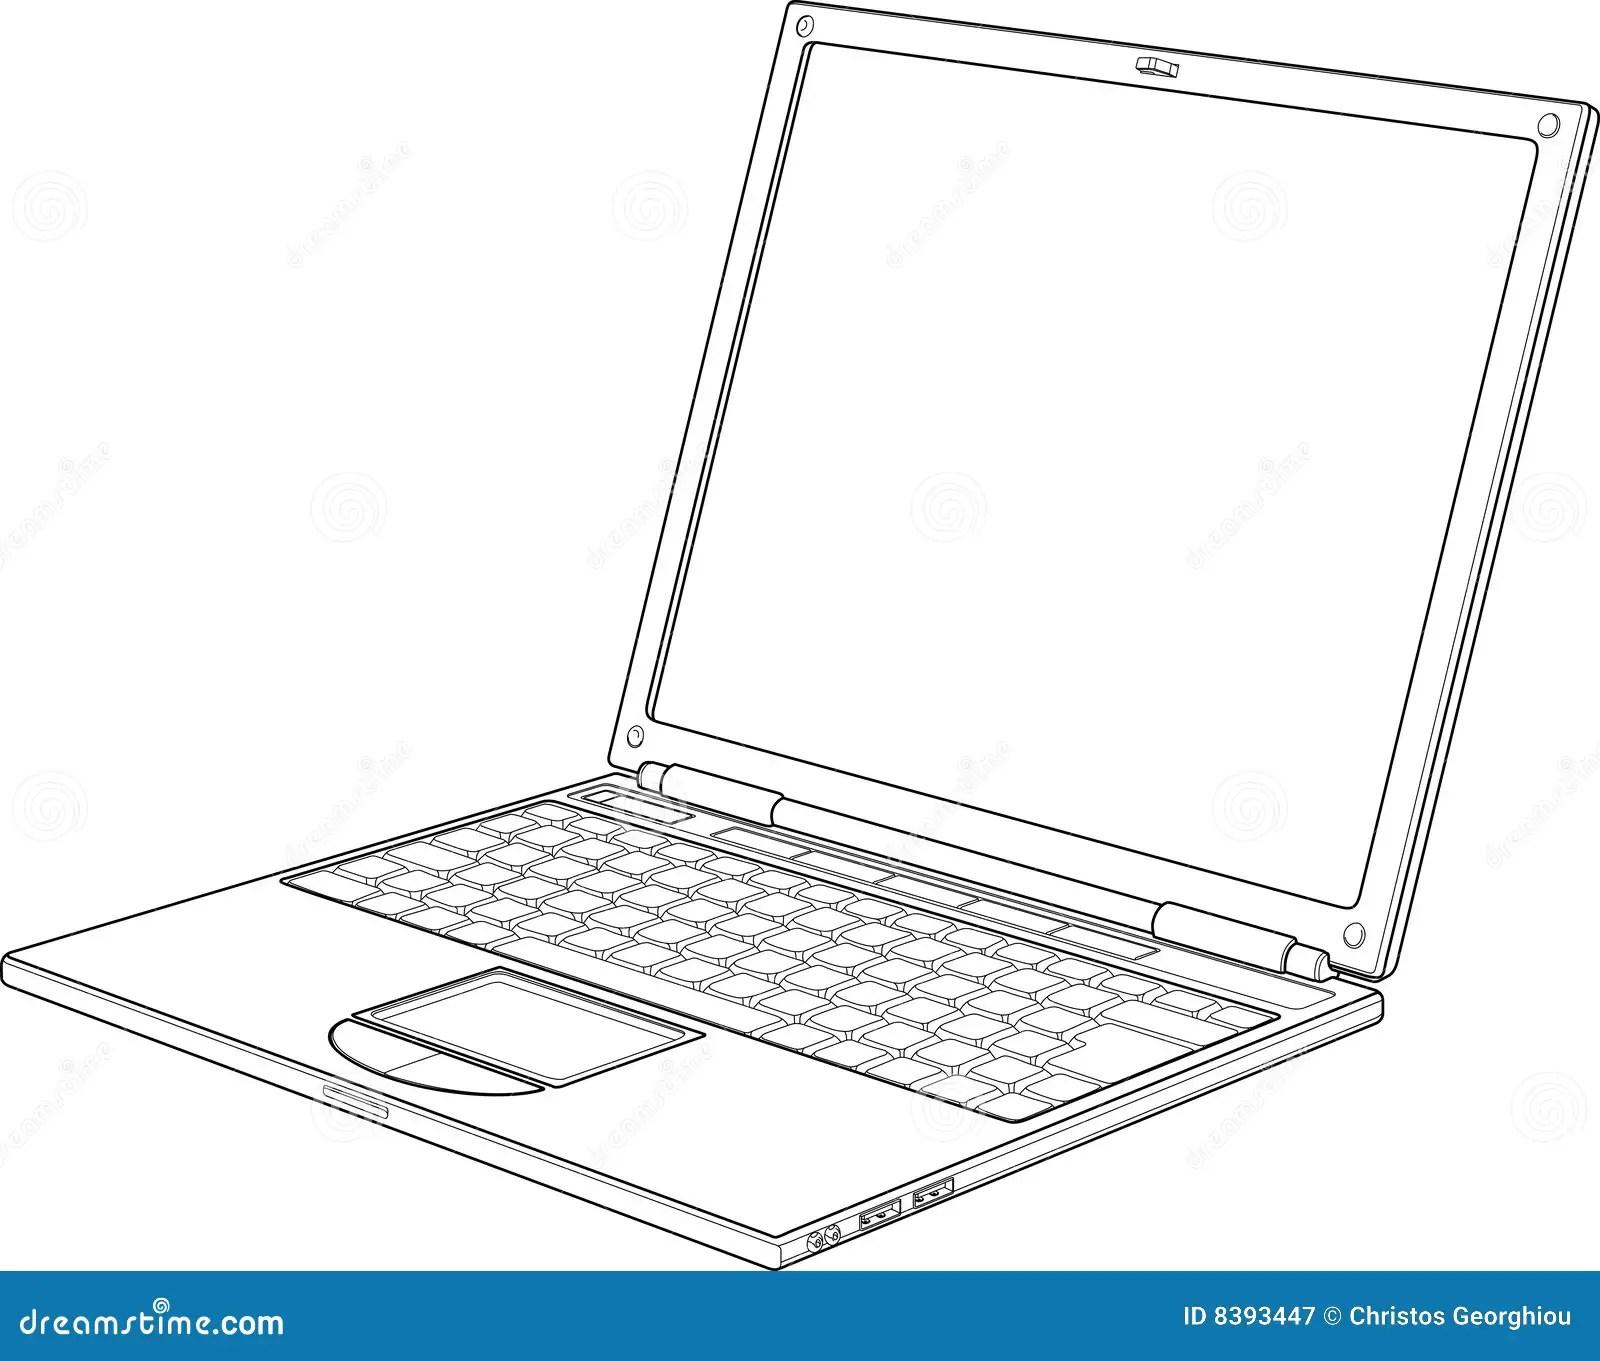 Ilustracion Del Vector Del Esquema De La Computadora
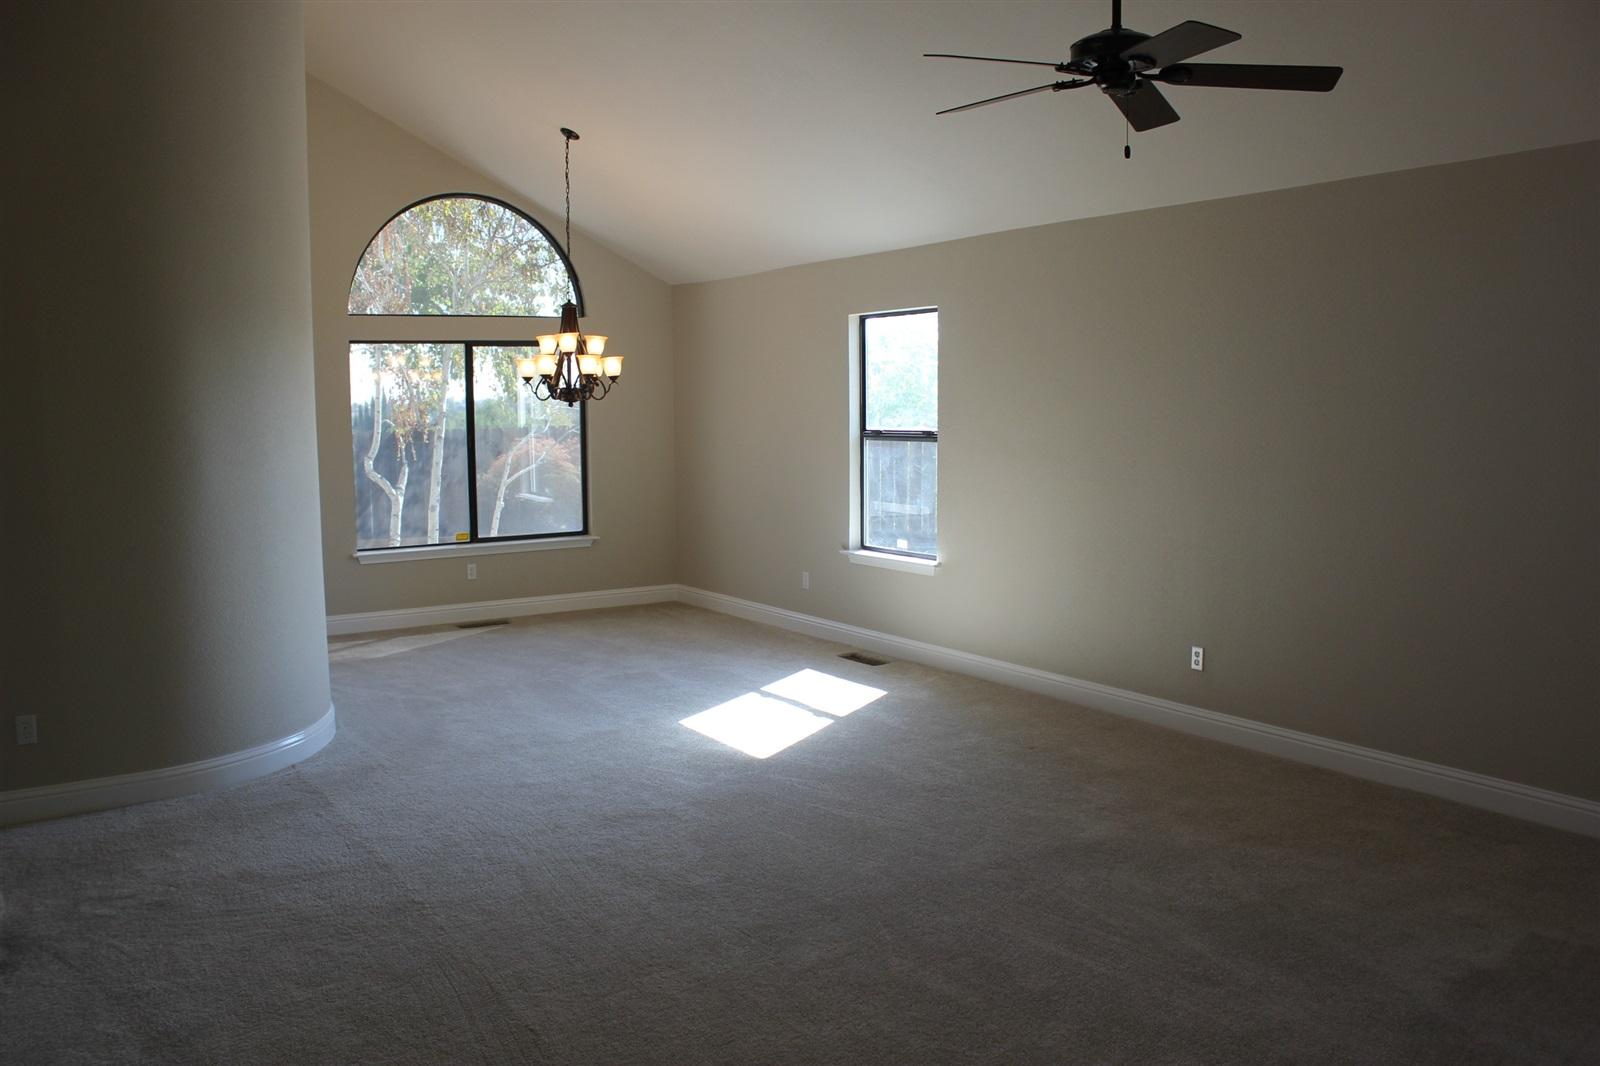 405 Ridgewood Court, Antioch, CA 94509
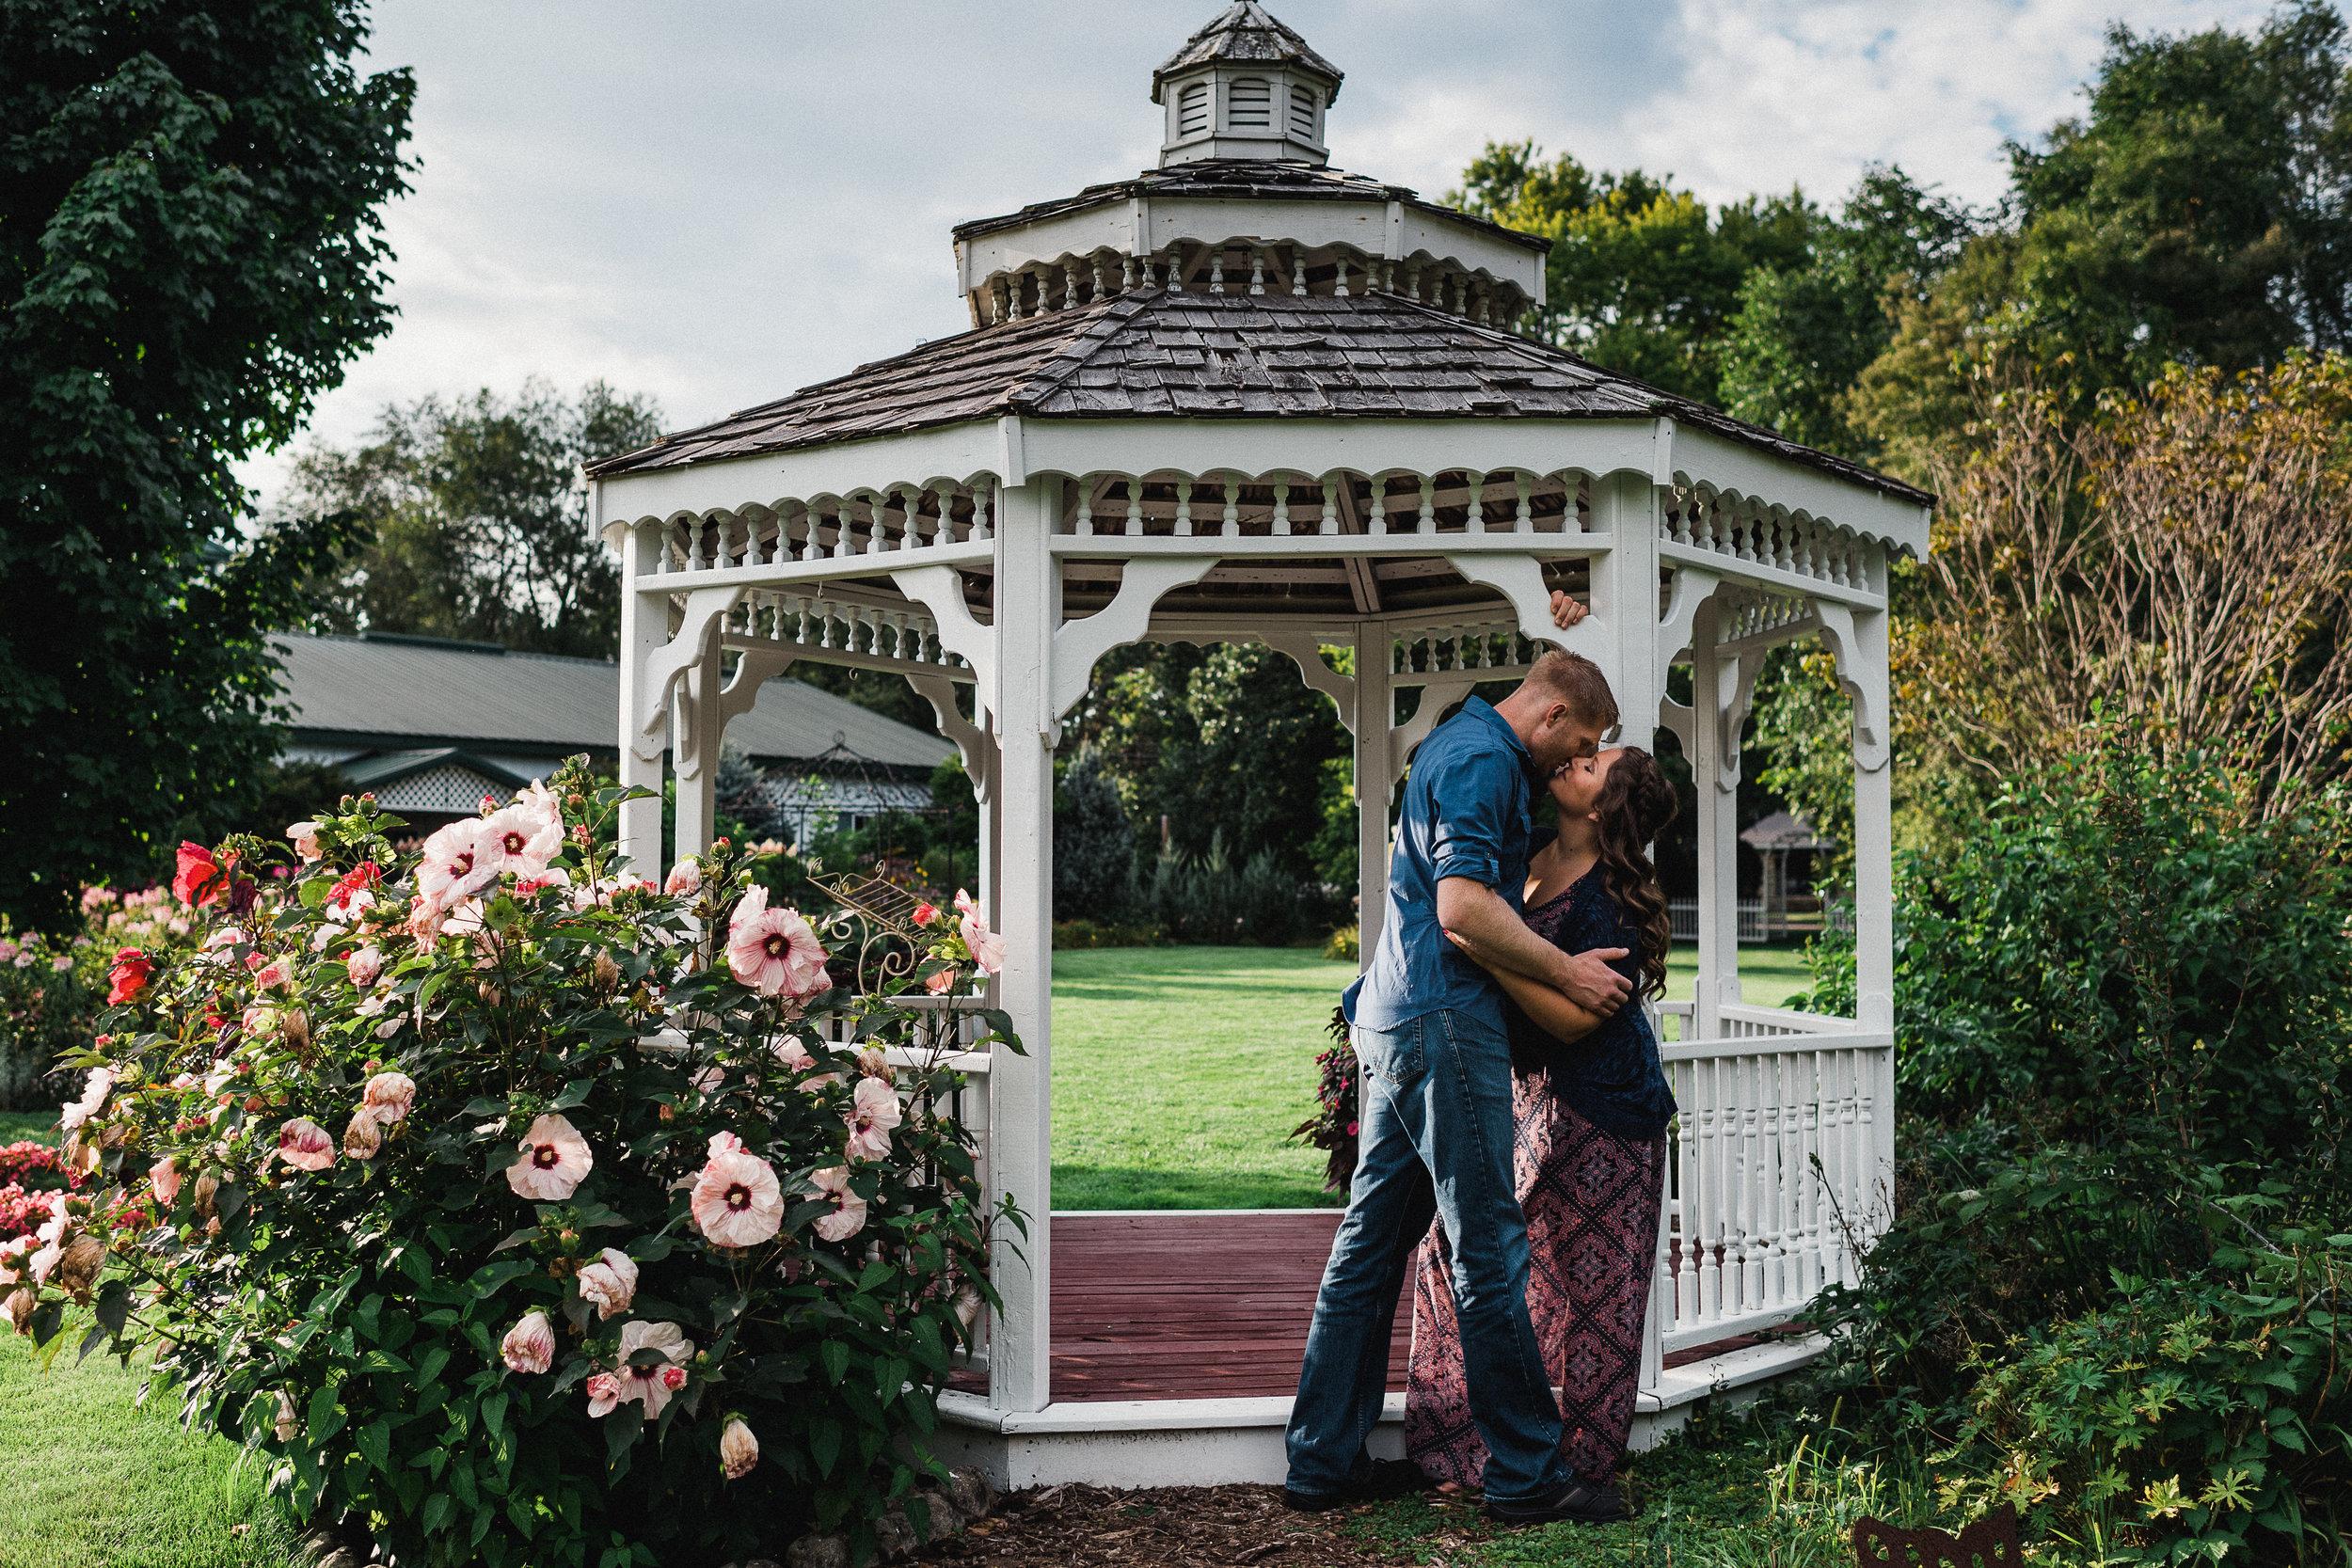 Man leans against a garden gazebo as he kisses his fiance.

**PROBLEM**.
Each line above should be output exactly, apart from the pictures.

**RESPONSE BELOW**.
 Ilustracion Del Vector Del Esquema De La Computadora
 405 Ridgewood Court, Antioch, CA 94509
 Man leans against a garden gazebo as he kisses his fiance.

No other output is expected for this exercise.